Assim, O’Leary considerou todas e quaisquer preocupações à volta do impacto crescente da pegada de carbono da aviação nas alterações climáticas como “lixo completo e absoluto” (“complete and utter rubbish”). Além de confirmar que tenciona utilizar, em plena crise da covid-19 os seus aviões completamente cheios, tipo transporte de periferia. Isto, perante a realidade da pegada de carbono da Ryanair que a põe ao nível da lista negra das carvoeiras polacas, levou Andrew Murphy, o manager da European Federation for Transport and Environment, a concluir: “When it comes to climate, Ryanair is the new coal.”

 

Claro que O’Leary não é o único a tentar jogar neste binómio paradoxal: privatização maximalizada do lucro/socialização do risco. Outros, como o famoso multimilionário e playboy “Sir” Richard Branson, 7.ª fortuna do Reino Unido (4.7 mil milhões de libras), dono da Virgin Atlantic, veio pedir ao Governo inglês 500 milhões de libras, oferecendo como garantia a sua ilha privada Necker Island (destruída pelo tufão Irma em 2017). O seu pedido foi recusado.

 

No meio do devastador coronavírus, temos casos onde os dois factores que mais têm contribuído para a alienação das cidades, o low-cost flying e as plataformas de aluguer a turistas, se encontram.
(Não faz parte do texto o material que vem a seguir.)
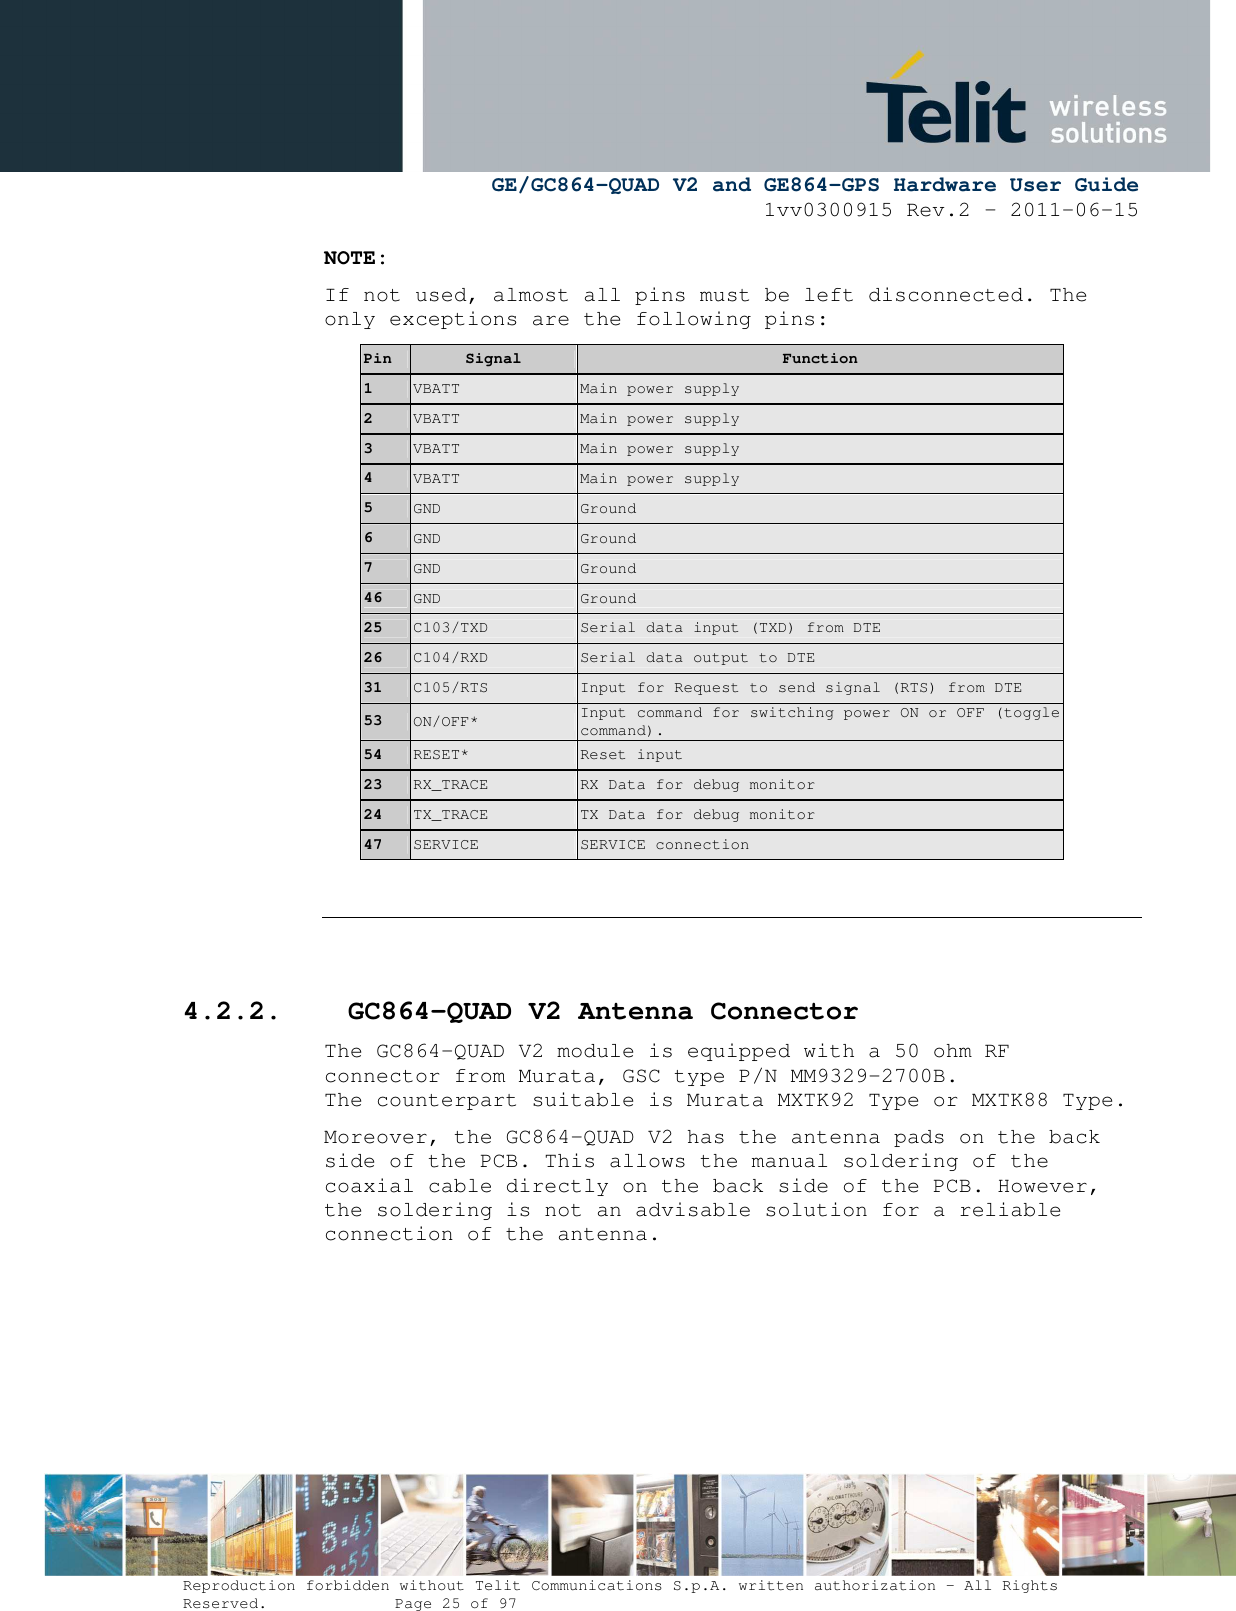      GE/GC864-QUAD V2 and GE864-GPS Hardware User Guide 1vv0300915 Rev.2 – 2011-06-15  Reproduction forbidden without Telit Communications S.p.A. written authorization - All Rights Reserved.    Page 25 of 97  NOTE: If not used, almost all pins must be left disconnected. The only exceptions are the following pins: Pin  Signal  Function 1  VBATT  Main power supply 2  VBATT  Main power supply 3  VBATT  Main power supply 4  VBATT  Main power supply 5  GND  Ground 6  GND  Ground 7  GND  Ground 46  GND  Ground 25  C103/TXD  Serial data input (TXD) from DTE  26  C104/RXD  Serial data output to DTE  31  C105/RTS  Input for Request to send signal (RTS) from DTE  53  ON/OFF* Input command for switching power ON or OFF (toggle command).  54  RESET*  Reset input 23  RX_TRACE  RX Data for debug monitor 24  TX_TRACE  TX Data for debug monitor 47  SERVICE  SERVICE connection    4.2.2. GC864-QUAD V2 Antenna Connector The GC864-QUAD V2 module is equipped with a 50 ohm RF connector from Murata, GSC type P/N MM9329-2700B. The counterpart suitable is Murata MXTK92 Type or MXTK88 Type. Moreover, the GC864-QUAD V2 has the antenna pads on the back side of the PCB. This allows the manual soldering of the coaxial cable directly on the back side of the PCB. However, the soldering is not an advisable solution for a reliable connection of the antenna.

Assim, em Amesterdão, onde a Booking.com se encontra sediada com 5500 empregados, esta plataforma, também perita em oportunismo fiscal, veio pedir dinheiro dos contribuintes, enquanto tinha investido 14 mil milhões de dólares em buybacks das próprias acções.

 

Enquanto isto, a Sibéria atinge os 38 graus centigrados e apresenta um aumento de cinco vezes do número de incêndios permanentes, com a ameaça directa e incalculável da libertação de gases como o metano, através do degelo do permafrost.

 

É totalmente insustentável e irresponsável continuarmos a imaginar que podemos continuar com este modelo de transporte aéreo de crescimento massificado e sem limites. As ajudas estatais devem ser acompanhadas de claras exigências ambientais: impostos sobre a querosene. Desenvolvimento de combustíveis “verdes” e técnicas alternativas. Limitação do número de voos. Limitação da expansão de aeroportos. Taxas sobre utilizadores frequentes. Substituição dos voos domésticos e voos até 2 horas e meia de duração por bons serviços de transportes ferroviários a preços compatíveis. Fim de subsídios facilitadores de laxismo da consciência ambiental.

 

Ah! Andamos preocupados com a boa utilização dos fundos disponibilizados pela magnânima e generosa Merkel, num país devastado também pelas “pandemias” Novo Banco/ Mexia-EDP/PPP Rodoviárias, etc., enfim, um festim de compadrios – corrupção.

 

Pois chegou a altura de António Costa e o seu Governo fazerem um pouco de “trabalho de casa” para dar conteúdo à pedinchice, e pensarem estrategicamente o futuro do transporte ferroviário (que se encontra na Idade da Pedra) de passageiros no interior do país e respectivas ligações à Europa. Dando assim uma resposta esclarecedora às perguntas concretas e ansiedades expressas nos artigos sucessivos de Carlos Cipriano neste jornal, que só têm obtido o mais absoluto silêncio.